Six Weeks And Counting: Mortgage Rates Under 3%

Mortgage rates increased slightly this week but remained under 3 percent for the sixth straight week, Freddie Mac announced Thursday in its Primary Mortgage Market Survey.

The survey found:

The 30-year fixed-rate mortgage averaged 2.93 percent with an average 0.8 point for the week ending September 3, up from last week’s 2.91 percent and down from 3.49 percent at this time last year.

The 15-year fixed-rate mortgage averaged 2.42 percent with an average 0.8 point, down from last week’s 2.46 percent and last year’s 3.00 percent.  

The 5-year Treasury-indexed hybrid adjustable-rate mortgage averaged 2.93 percent with an average 0.2 point, up from last week’s 2.91 percent and last year’s 3.30 percent.
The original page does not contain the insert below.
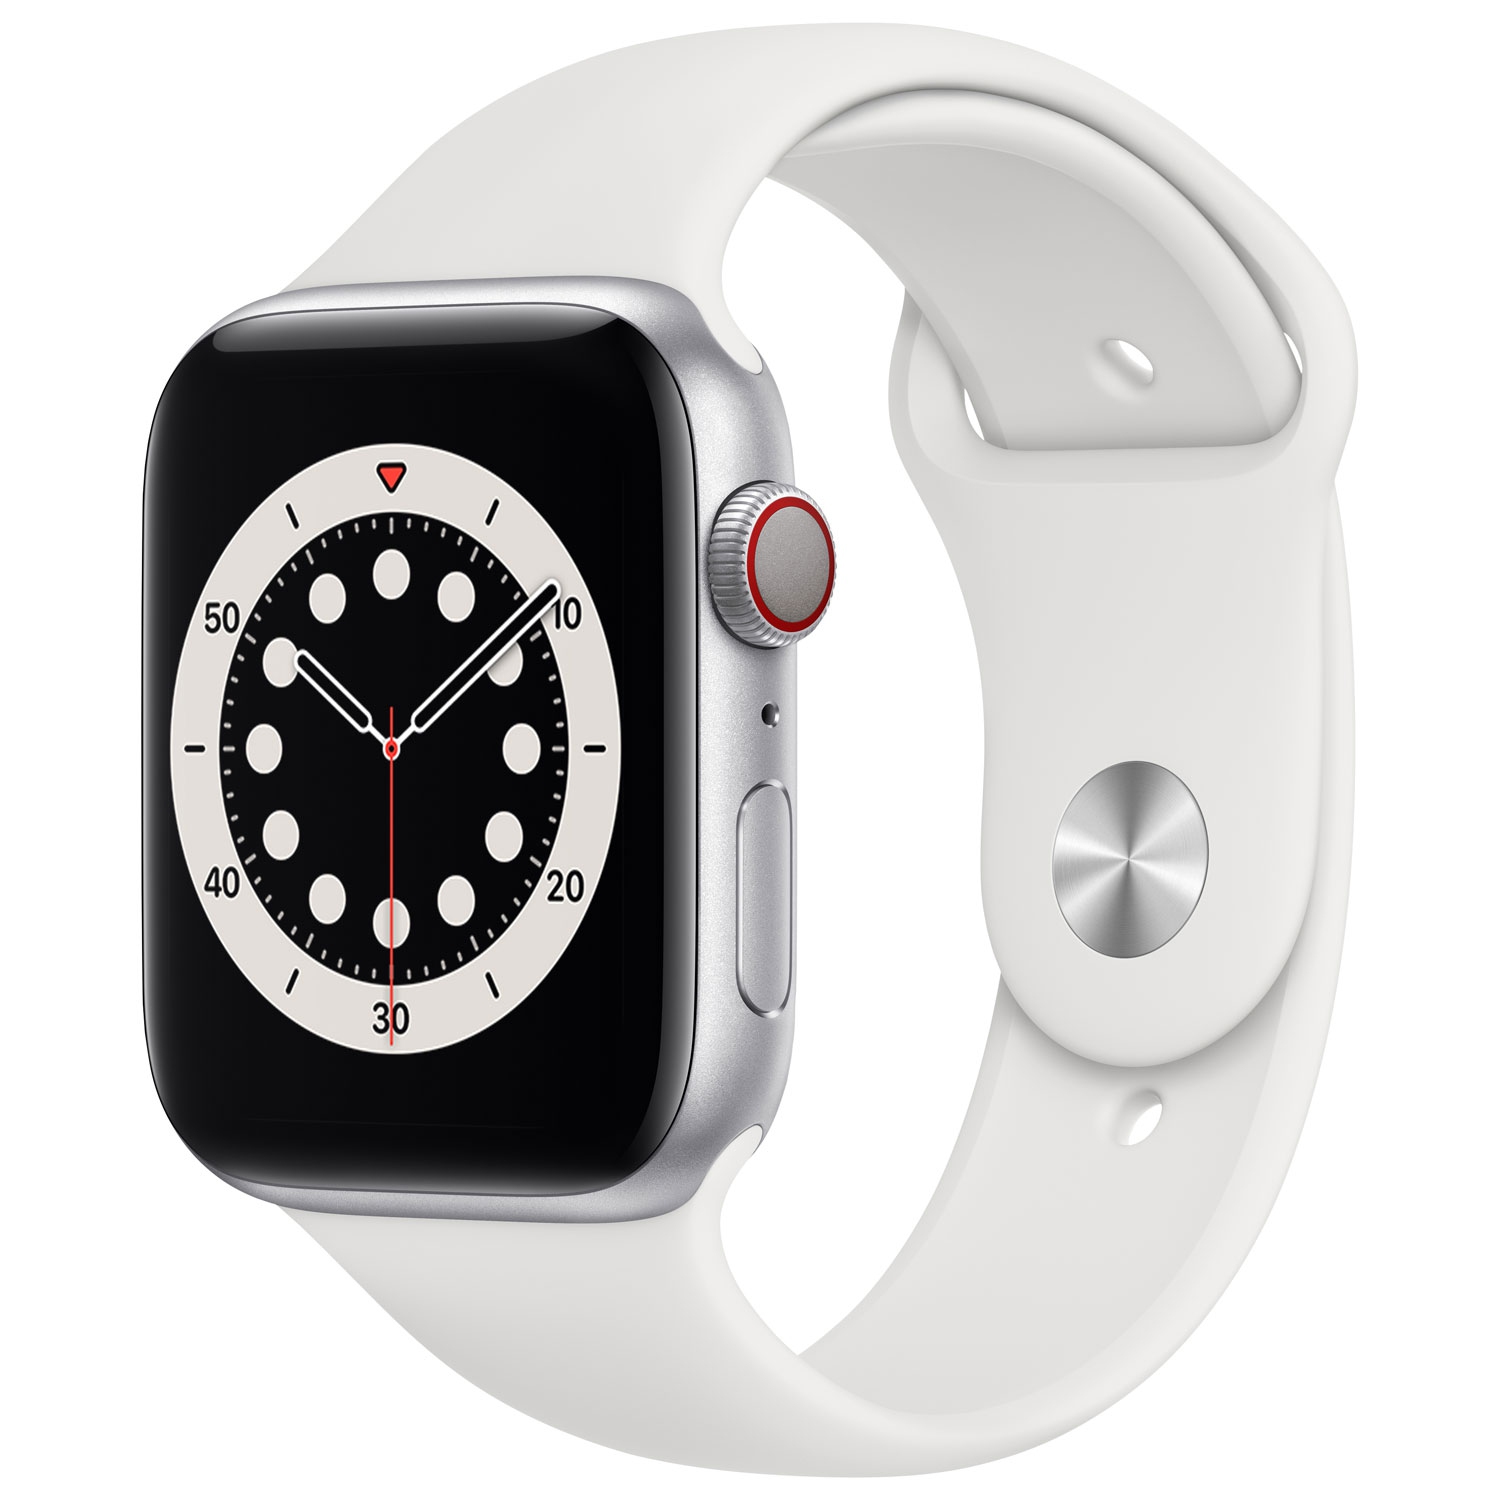 Refurbished (Fair) - Apple Watch Series 6 (GPS + Cellular) 44mm Silver Aluminum Case with White Sport Band

“Mortgage rates have remained effectively flat or at near record lows for the last month,” said Sam Khater, Freddie Mac’s Chief Economist. “However, there are some interesting compositional shifts as the 10-year Treasury rate has increased modestly over the past month while mortgage spreads have declined. Spreads may decline even further but the rise in Treasury rates will make it difficult for mortgage rates to fall much more over the next few weeks.”